Key takeaways include:
- Why GenAI is commoditizing skilled work—and shifting competitive advantage to proprietary enterprise data
- The challenges and opportunities of modeling complex, heterogeneous datasets in regulated industries like financial services
- What business leaders need to consider when building trustworthy, data-grounded AI systems
A compelling perspective for AI, data, and transformation leaders looking to move from experimentation to strategic differentiation.
Jure Leskovec:
I'm Jure Leskovec and I'm professor in computer science department in the AI lab at Stanford University.
Can you summarise the key focus of your session?
I was talking about foundation models for enterprise data.
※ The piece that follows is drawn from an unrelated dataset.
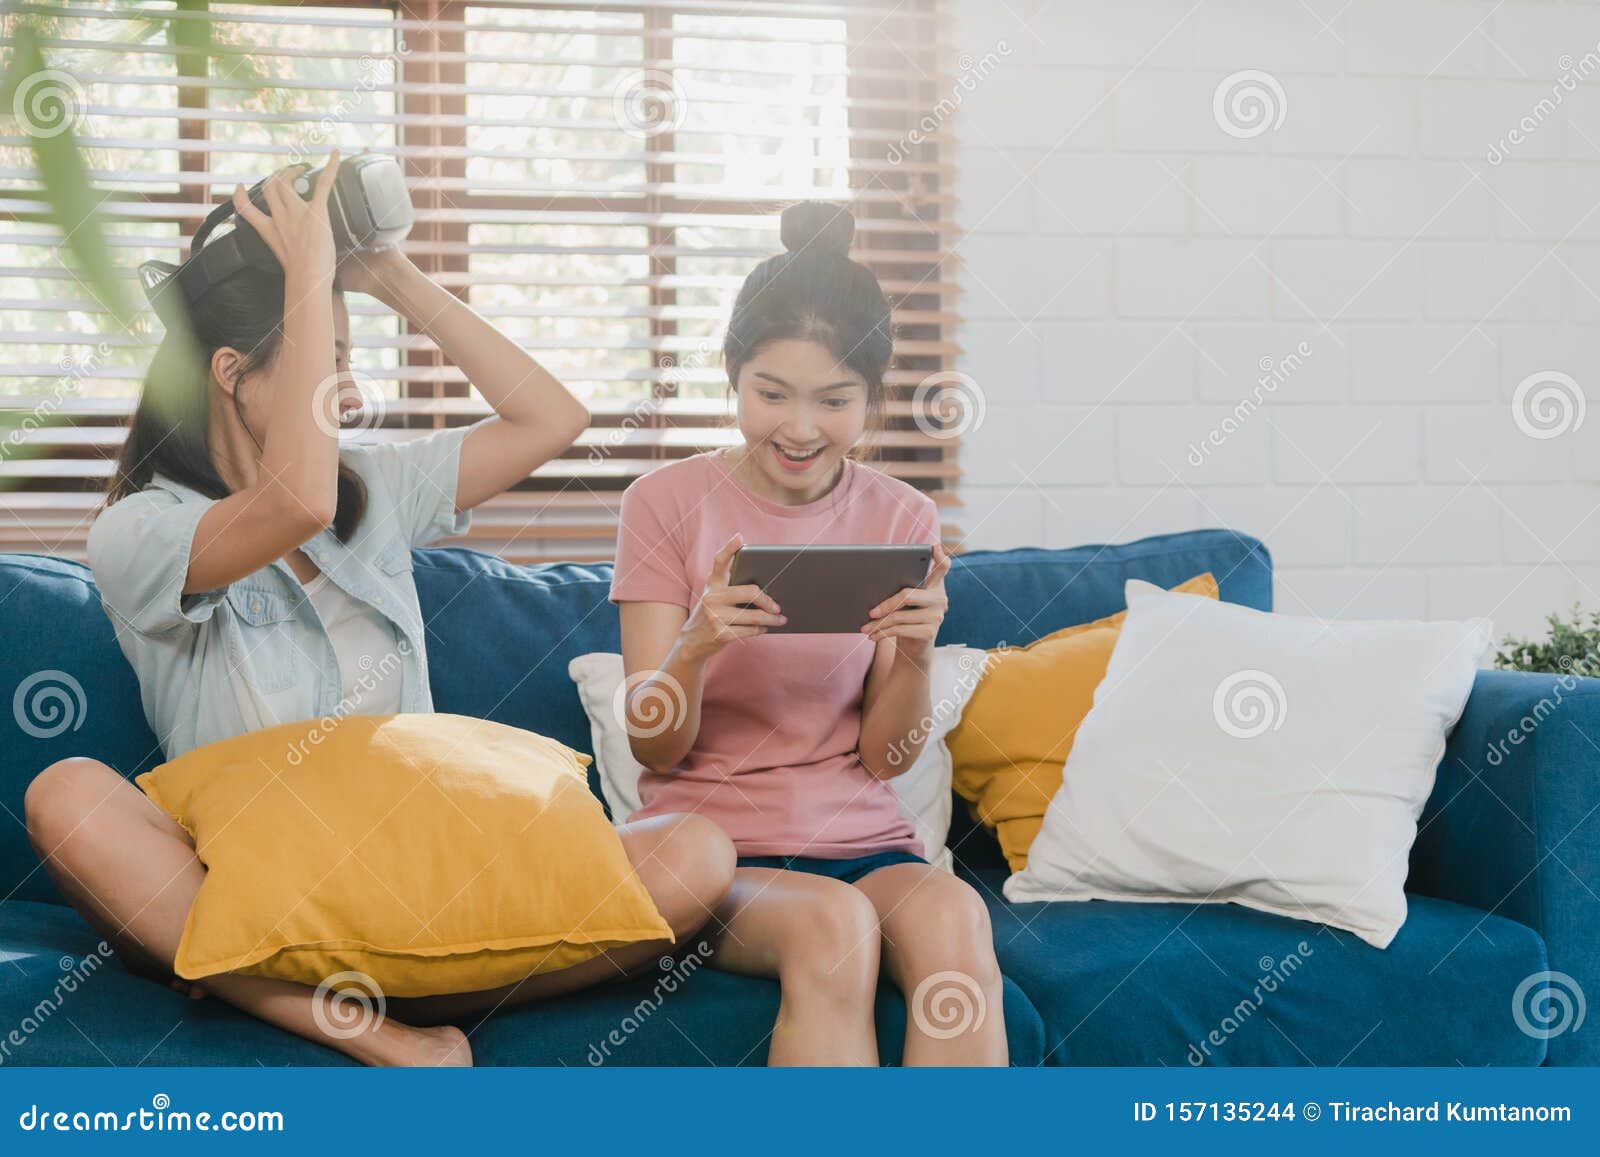 Young Lesbian Lgbtq Asian Women Couple Using Tablet At Home Asian

The key point is that enterprise data is usually organized in data warehouses in this semi-structured tabular form. And that we need foundation models who can learn over this type of structured, semi-structured data to be able to make effective decisions on top of this data. And these models need to be grounded in those data because that data is what is kind of the most valuable data of every enterprise.
What does AI commoditize, and what new constraints does it introduce?
The raise of GenAI, large language models, and so on, what is it commoditizing? It's basically commoditizing skilled work. So the constraint that is popping out now is, how do we get value out of our own data? Because that's what makes each of our businesses unique. If we are all using the same skilled work on the other side, we are all the same. So what is the differentiator now? It's not the work. It's actually the information, the data, and how do we extract value from the data. How do we make accurate decisions based on our internal enterprise data? When I say internal enterprise data, it would be customer records, transaction records, financial ledgers, product catalogs, supply chain records, all these kinds of data that is used to basically make decisions.
Do financial services face unique challenges in extracting value from their data?
There are several, I would say, unique aspects. First, data in financial organizations is very complex and usually very large, right? Because you have multiple touch points with your client, with your customer, all from, you know, at the kind of other transaction level to business interactions, person-to-person interactions and so on. So I think that complexity and that heterogeneity is both interesting, but also very valuable so that we actually can build AI that can learn from all these heterogeneous interactions to give us value. I would say that's the example of uniqueness. And then, of course, I think the level of trust that we need in these models because it's a regulated industry is also very, very important.
What stood out in your conversations with business leaders today?
I think what is interesting talking to them is the diversity of the problems they have and the fact that all these problems require them to bring together and reason over this heterogeneous multi-touch point long-term type data.